━━━ Supplied information ━━━

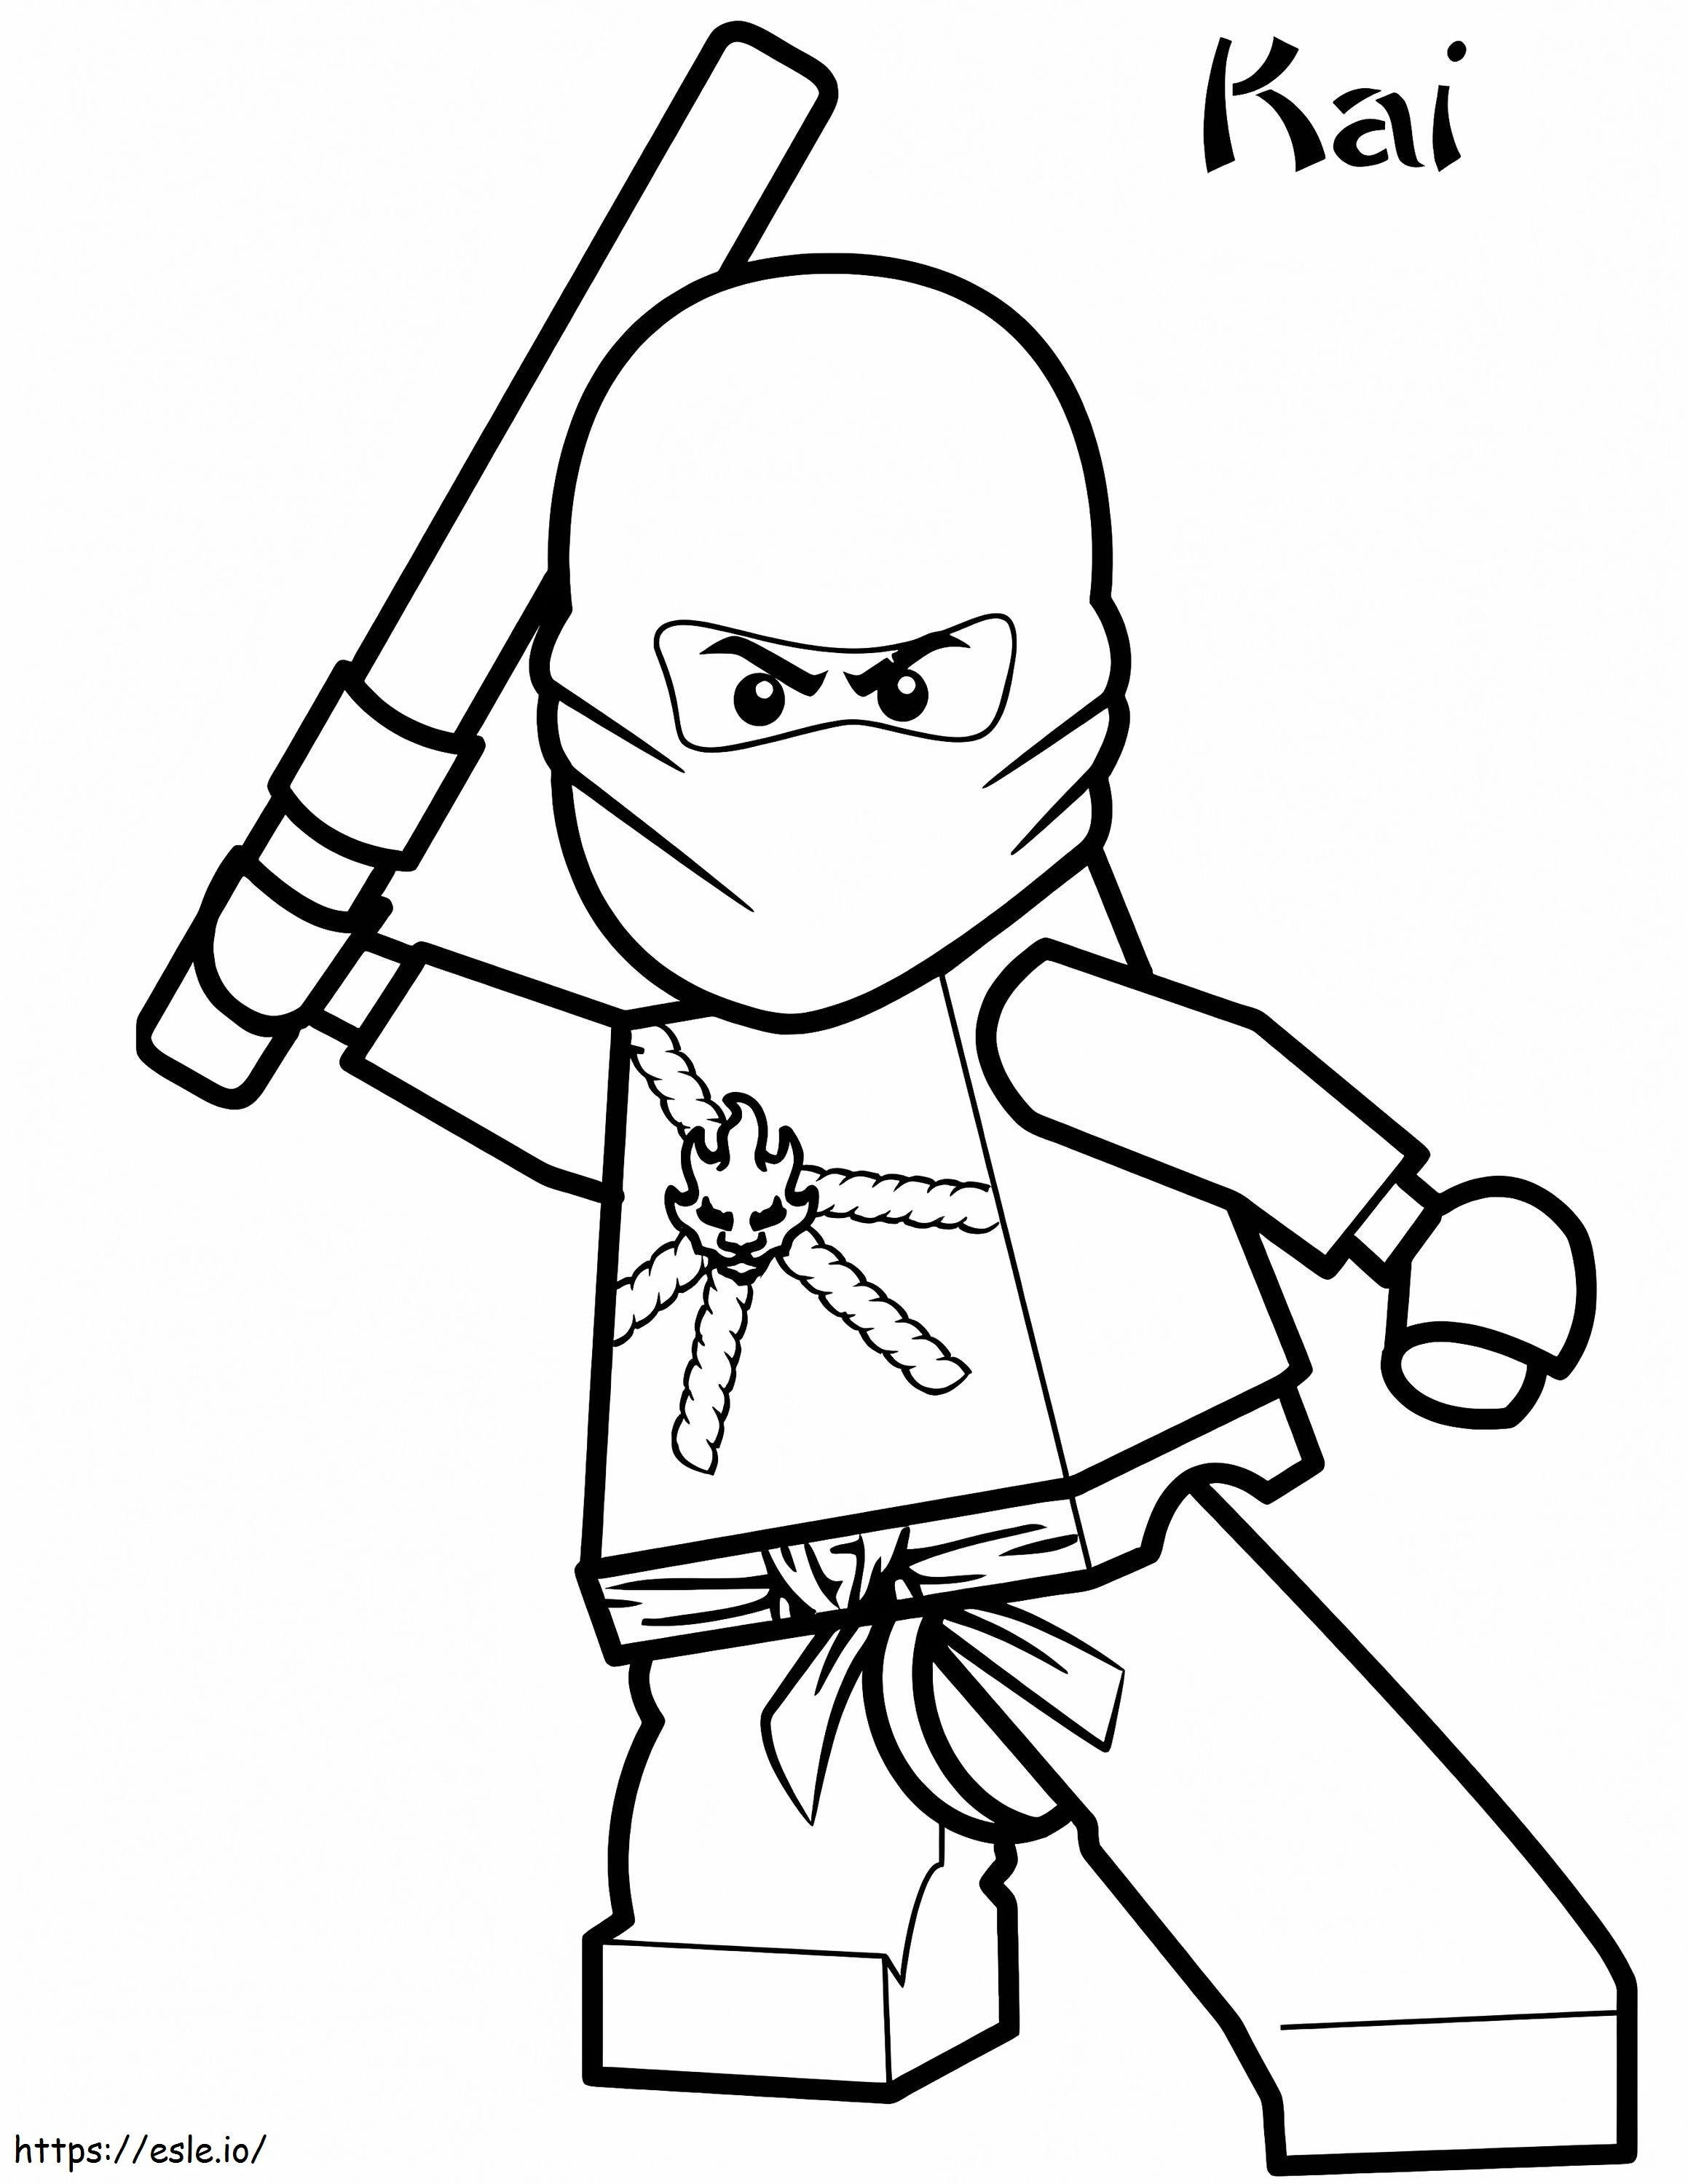 Kai z Ninjago kolorowanka
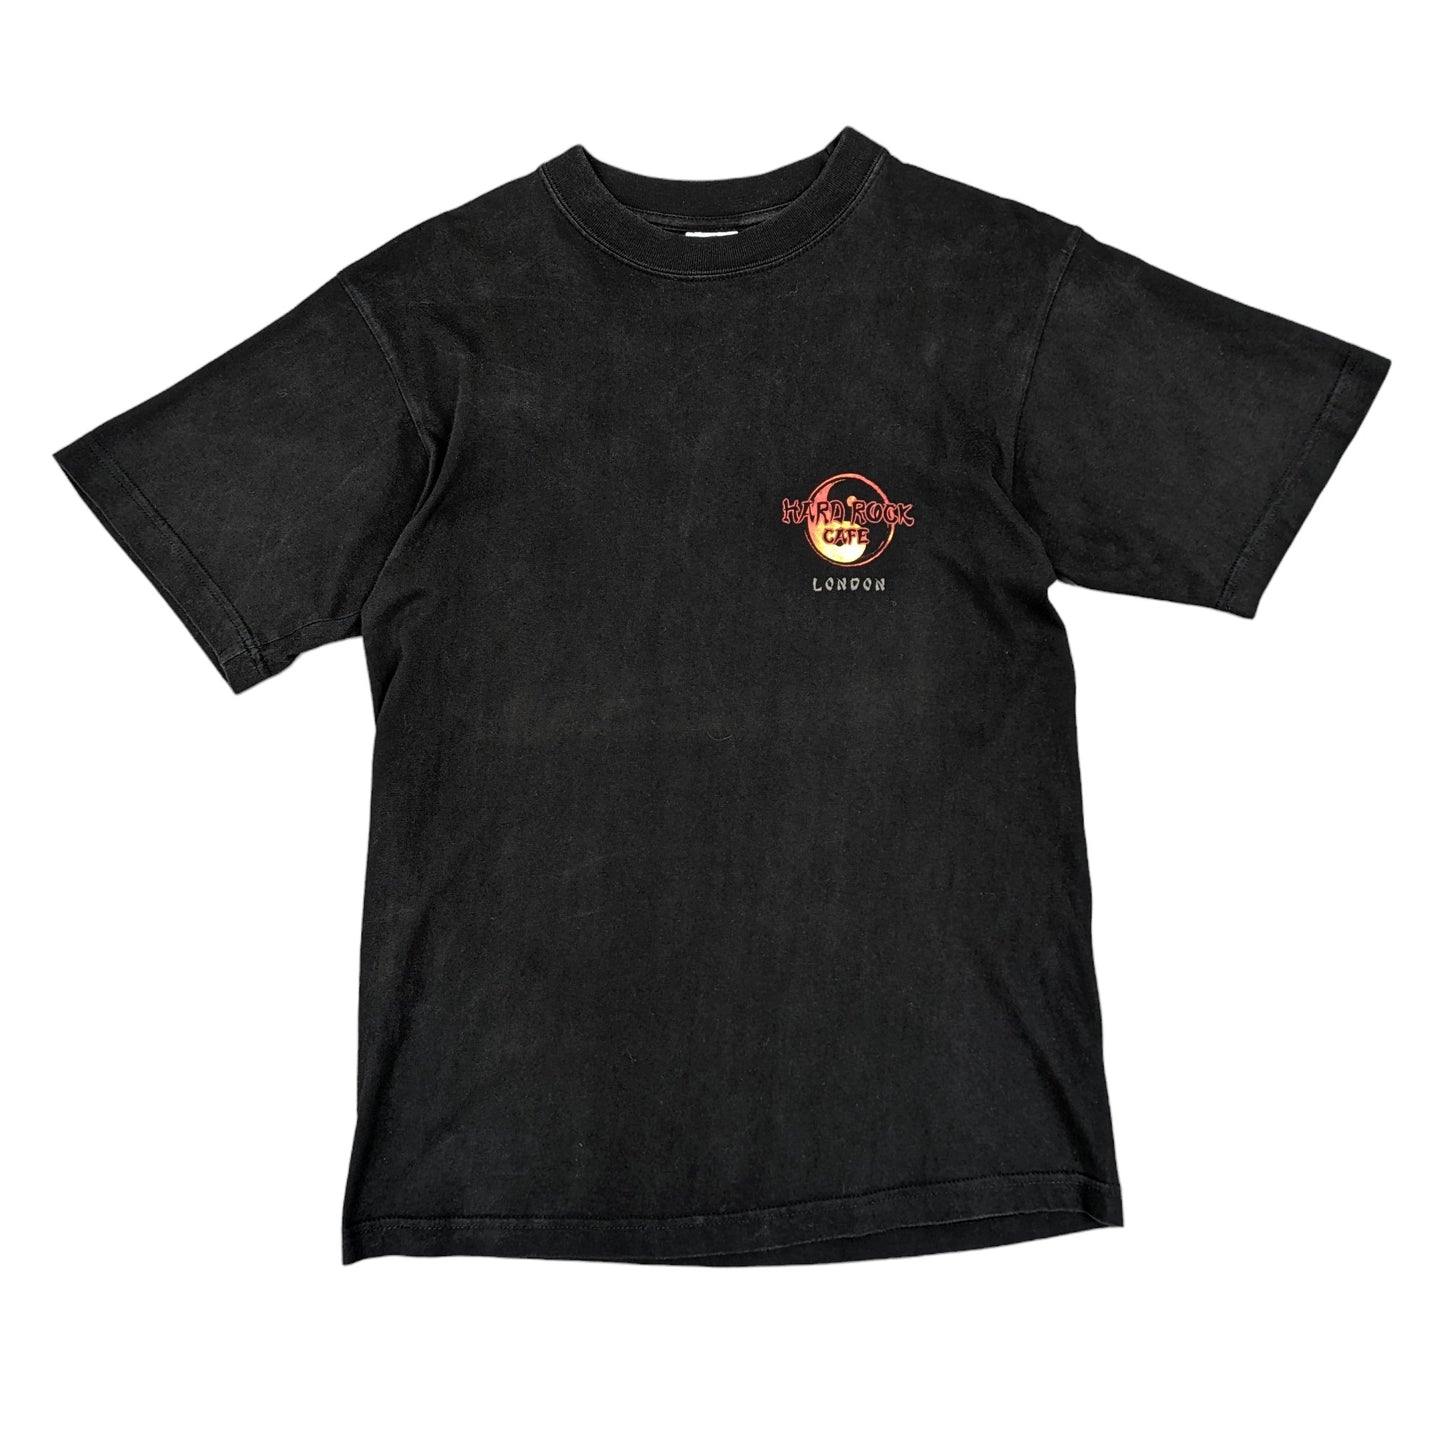 00s Hard Rock Cafe London T-Shirt Size S
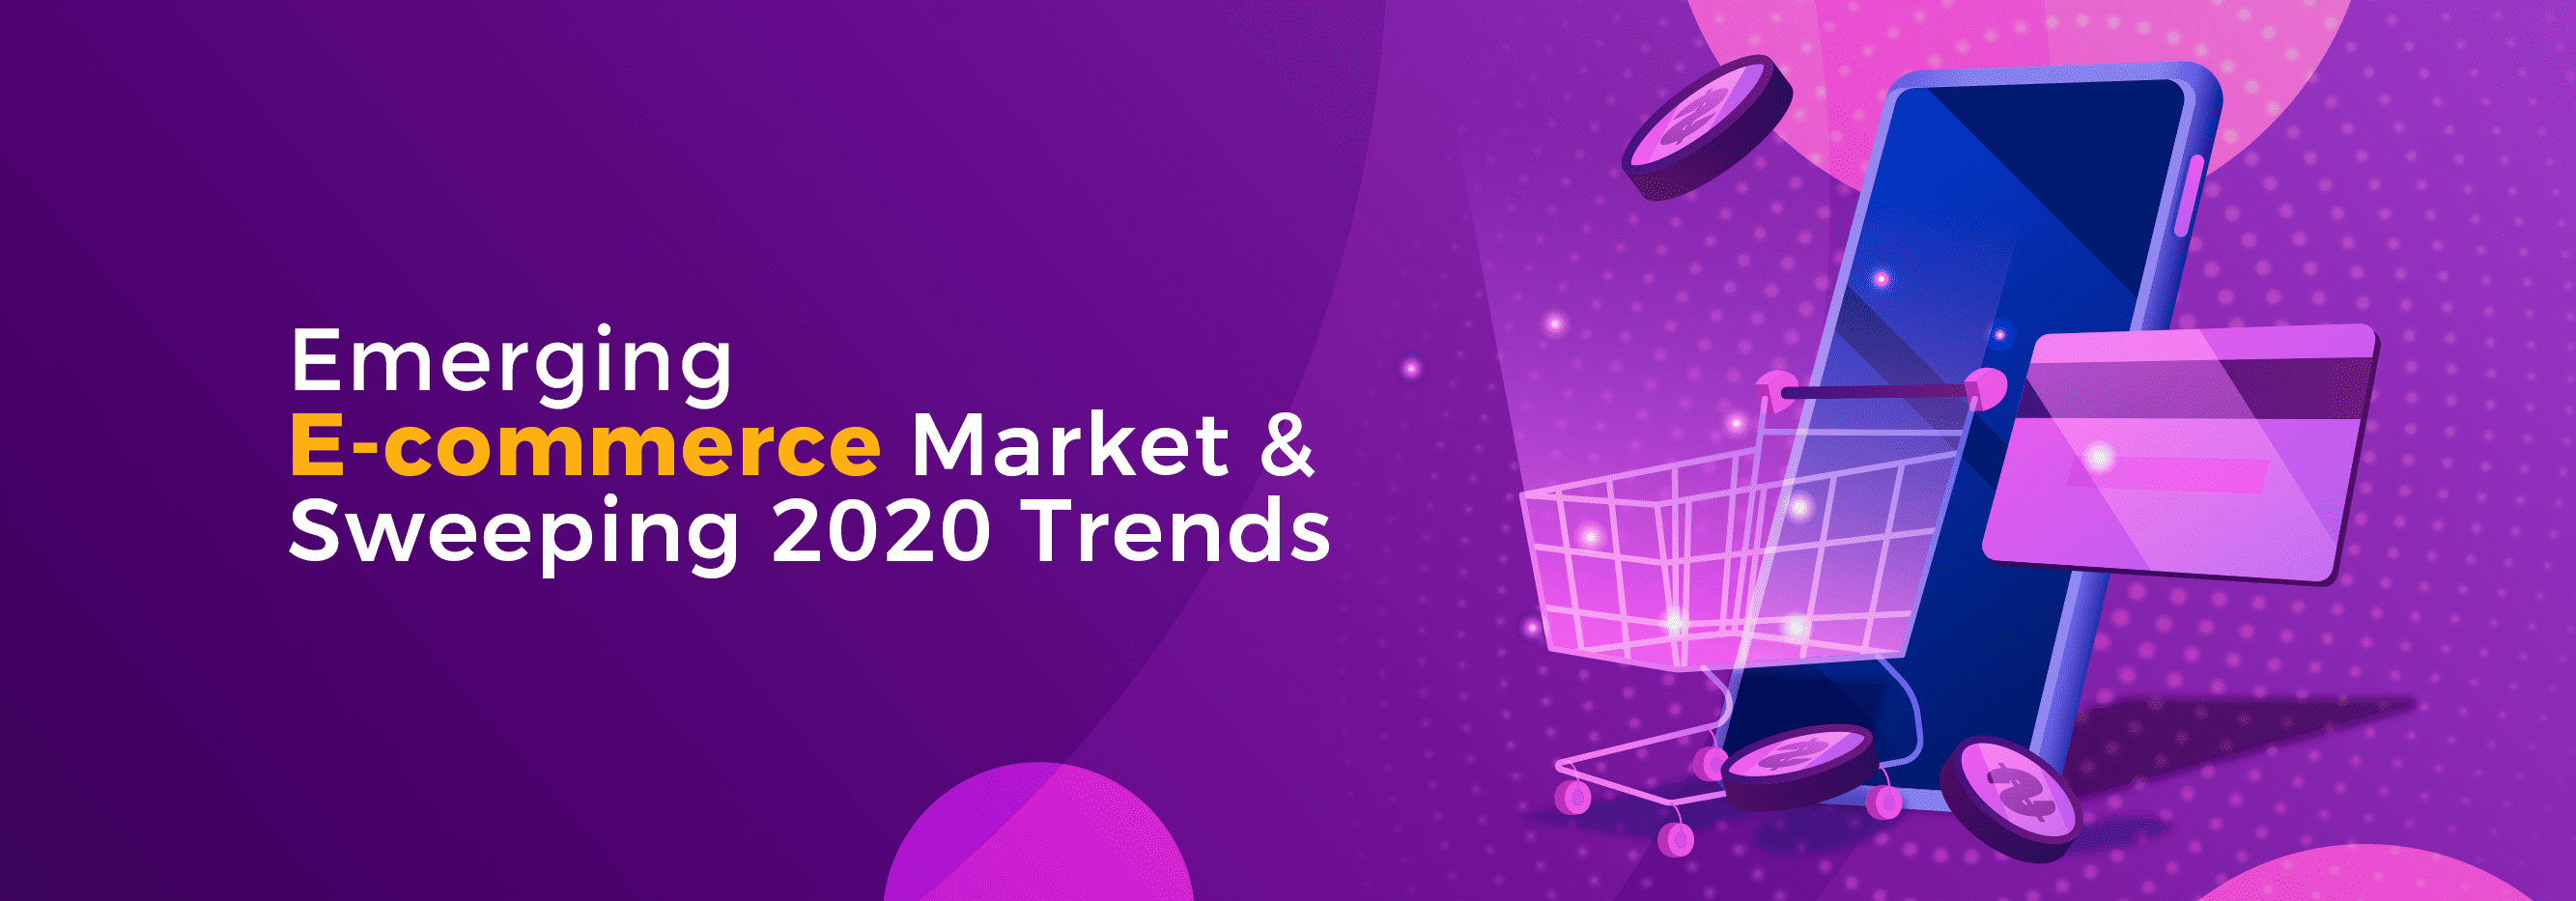 Emerging E-commerce Market & Sweeping 2020 Trends_banner

━━━

What needs to be done
Because the copy must hold no pictures, return only the lines that run from the line containing "00s Hard Rock Cafe London T-Shirt Size S" to the end of the data above, each exactly as it stands.

Reply
 00s Hard Rock Cafe London T-Shirt Size S
 Emerging E-commerce Market & Sweeping 2020 Trends_banner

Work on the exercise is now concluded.